Ciric et al (13) y Mikhael et al (23) popularizaron la estenosis del receso lateral. Lee et al (24) definieron además la anatomía de la estenosis del canal lateral y el receso lateral. El receso lateral es la región del canal lumbar que está limitada lateralmente por el pedículo, posteriormente por la faceta articular superior y el ligamentum flavum, y anteriormente por el cuerpo vertebral, el margen de la placa terminal y el margen del disco. Esta región corresponde a la región supraaxilar definida por Wilmink (22). Las mediciones de los márgenes óseos del receso lateral sugieren un estrechamiento con posible compresión radicular cuando la dimensión anteroposterior es inferior a 4 mm (13, 23).

La estenosis del receso lateral se desarrolla de dos formas básicas, como se muestra en la figura 1. Si inicialmente está presente un receso lateral congénito en forma de trébol, el receso se hace más pequeño y la compresión radicular se produce a medida que el margen del disco se agranda (debido al espolón de la placa terminal o al abultamiento del disco) o la faceta articular superior se hipertrofia.

En el canal de forma triangular, los cambios progresivos de la faceta, la placa terminal y el margen del disco actúan conjuntamente para alterar la forma de la región del receso lateral (Fig. 1). Si se produce una hipertrofia facetaria temprana, se produce una forma de trébol del canal espinal, que se asemeja a la disposición congénita del trébol (Fig 1, columna 2). La raíz nerviosa posicionada lateralmente se comprime por el crecimiento de las facetas o el cambio del margen del disco. Esto crea una disposición degenerativa en forma de trébol.

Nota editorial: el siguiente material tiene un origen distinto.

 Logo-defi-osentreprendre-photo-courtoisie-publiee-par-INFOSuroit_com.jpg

Si se producen simultáneamente cambios en las facetas, en la placa terminal y en el margen del disco (Fig. 1, columna 3), se produce una forma de ángulo agudo en el margen lateral del canal y la raíz nerviosa se desplaza, se pellizca y se comprime dentro de esta región. Esto crea una compresión de la raíz en la región del receso lateral con una disposición en forma de pellizco.

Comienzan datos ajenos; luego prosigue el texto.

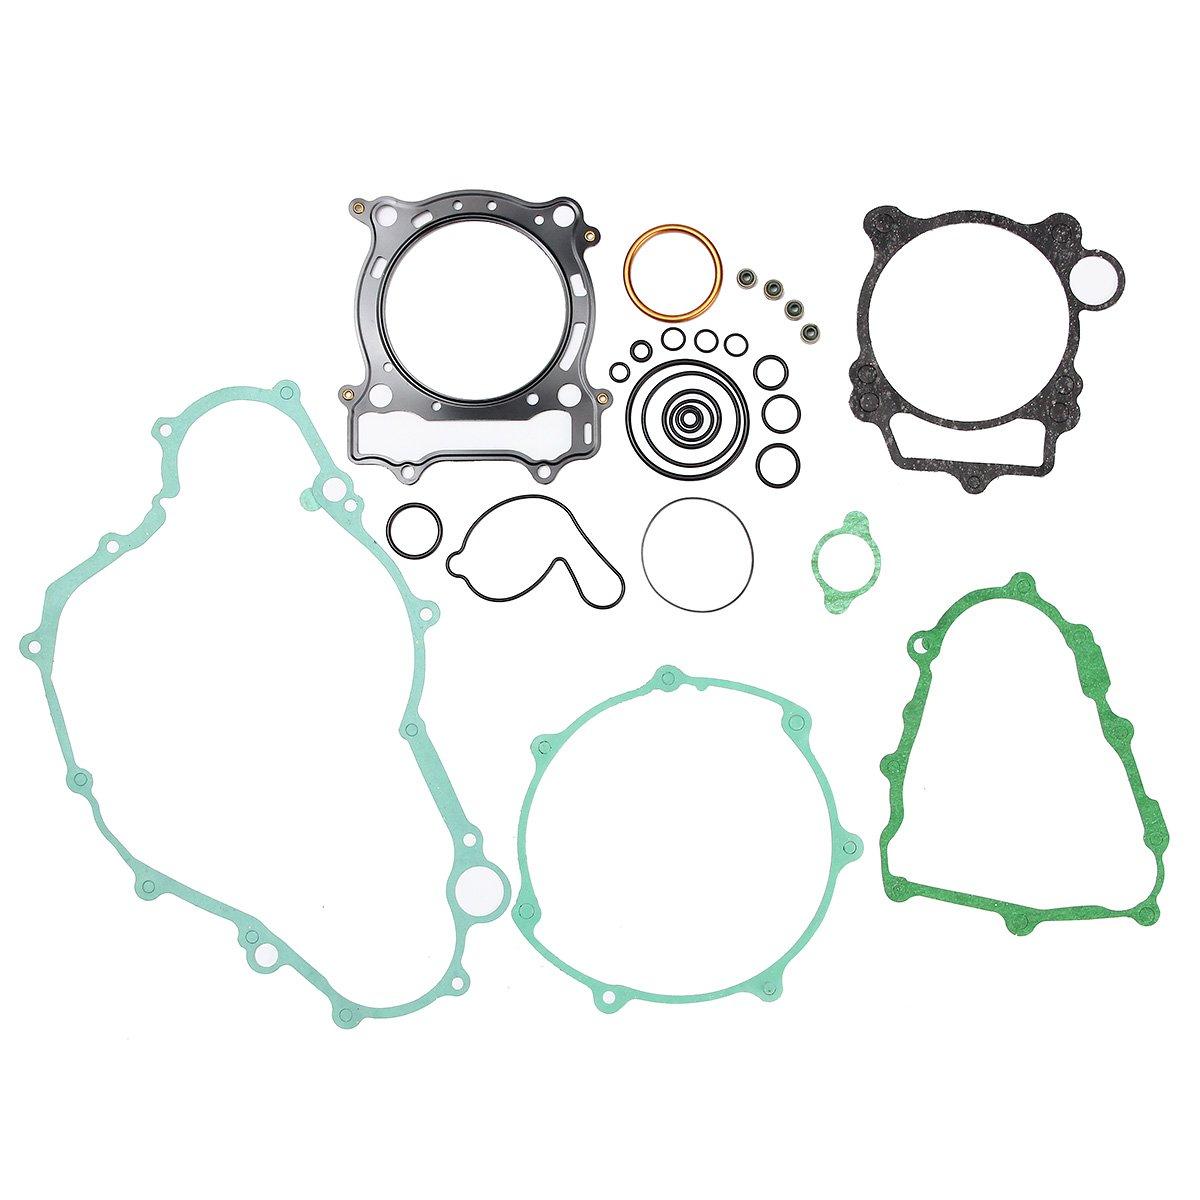 New Complete Engine Gaskets Kit Set For Yamaha YFZ450 YFZ 450 2004 2005 2006 2007 2008 2009

La descripción anterior establece dos tipos de pinzamiento del receso lateral que se pueden identificar. En el canal de trébol congénito o adquirido, la raíz nerviosa se encuentra en posición lateral y se comprime de forma anteroposterior dentro del nicho de receso lateral. Esto crea una compresión similar a una huella de pulgar identificada por la mielografía convencional y un estrechamiento anteroposterior del nicho de receso lateral como se muestra en las imágenes axiales. Esto es similar a la descripción tradicional de la estenosis del receso lateral descrita por primera vez por Ciric et al (13) y Mikhael et al (23). Para simplificar, nos referimos a esto como compresión del receso lateral en forma de trébol.

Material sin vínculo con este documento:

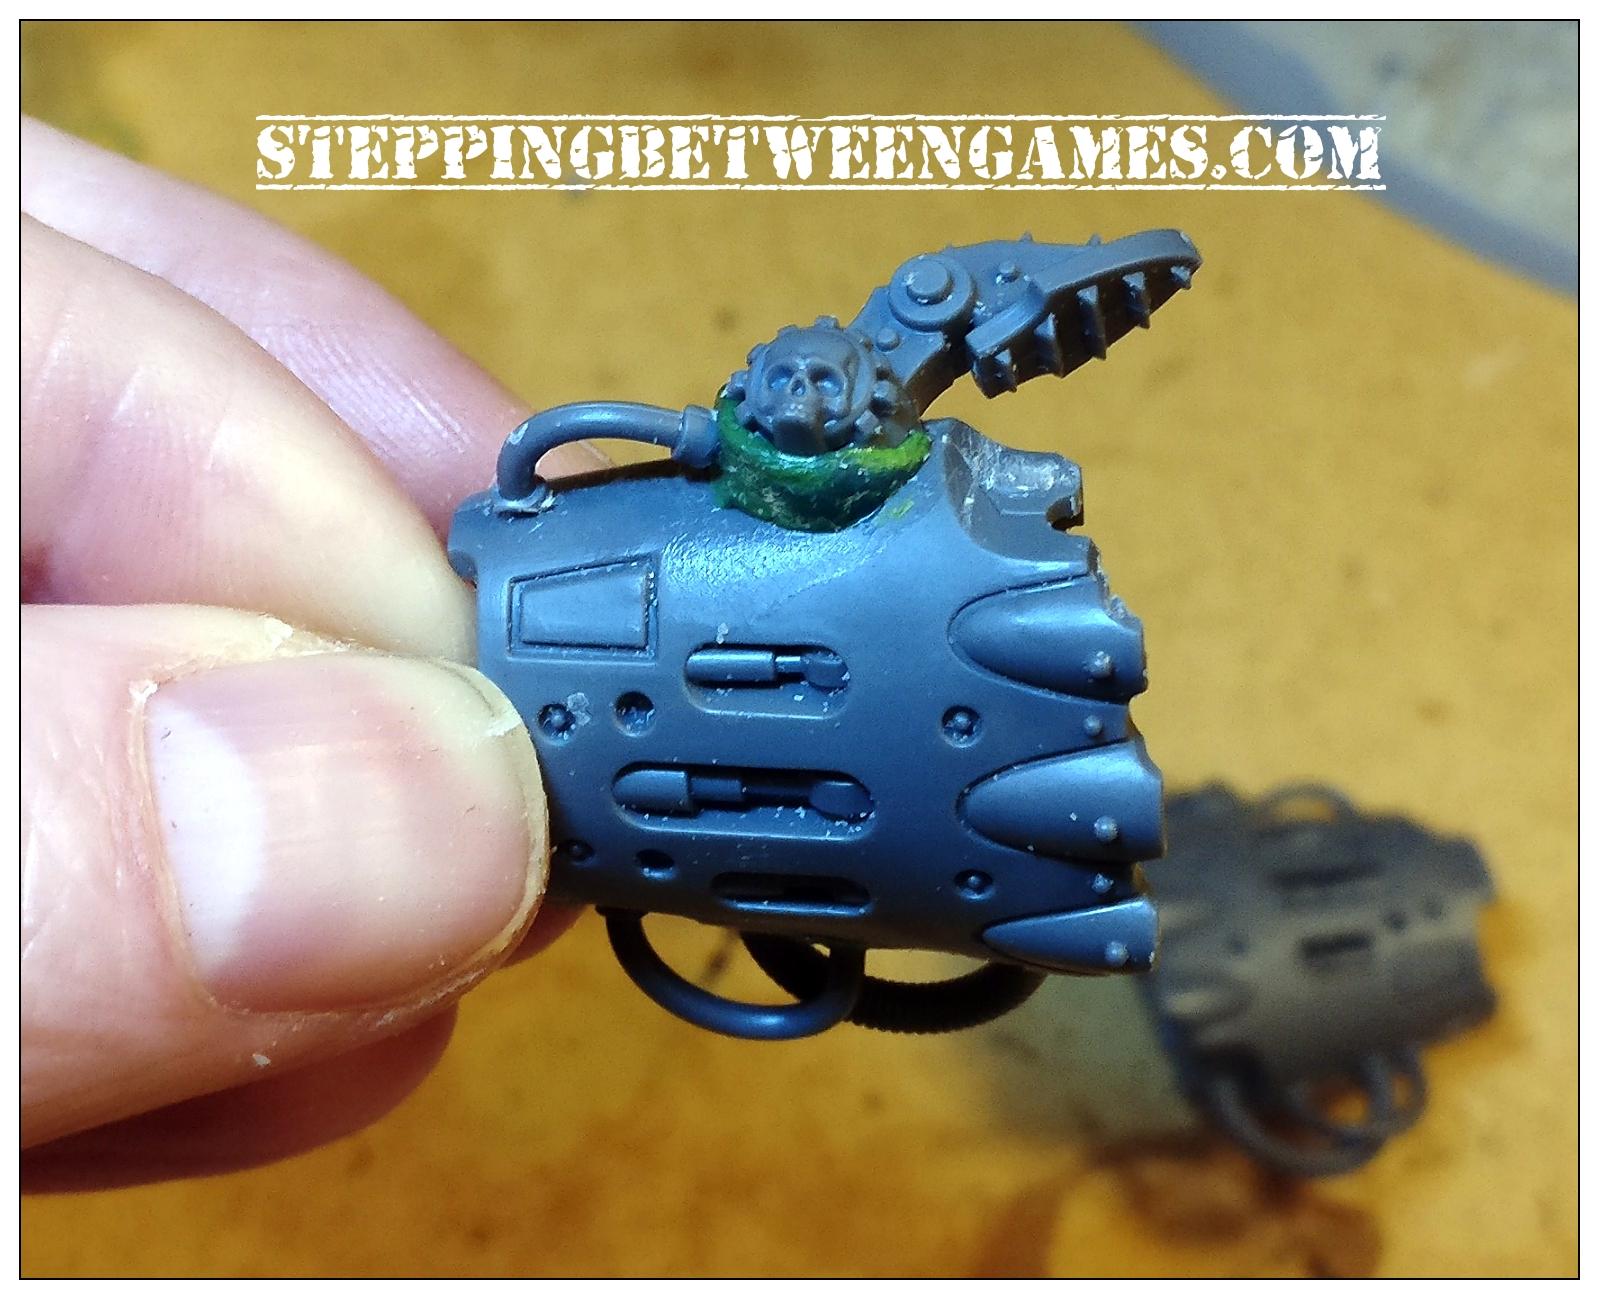 Thunderstrike gauntlet right hand conversion - thumb detail

En el canal que mantiene una forma más triangular pero desarrolla cambios degenerativos simultáneos en la faceta, la placa terminal y el margen del disco, el receso lateral desarrolla un ángulo agudo. La raíz nerviosa puede estar comprimida y desviada medialmente entre la placa terminal o el margen discal y la faceta o el ligamento flavum en el ángulo agudo del canal. Nos referimos a esto como compresión del receso lateral angular. Esto es similar al aplanamiento del ángulo ventrolateral en la región supraaxilar descrito por Wilmink (22). Puede producirse un solapamiento entre estos dos tipos de compresión.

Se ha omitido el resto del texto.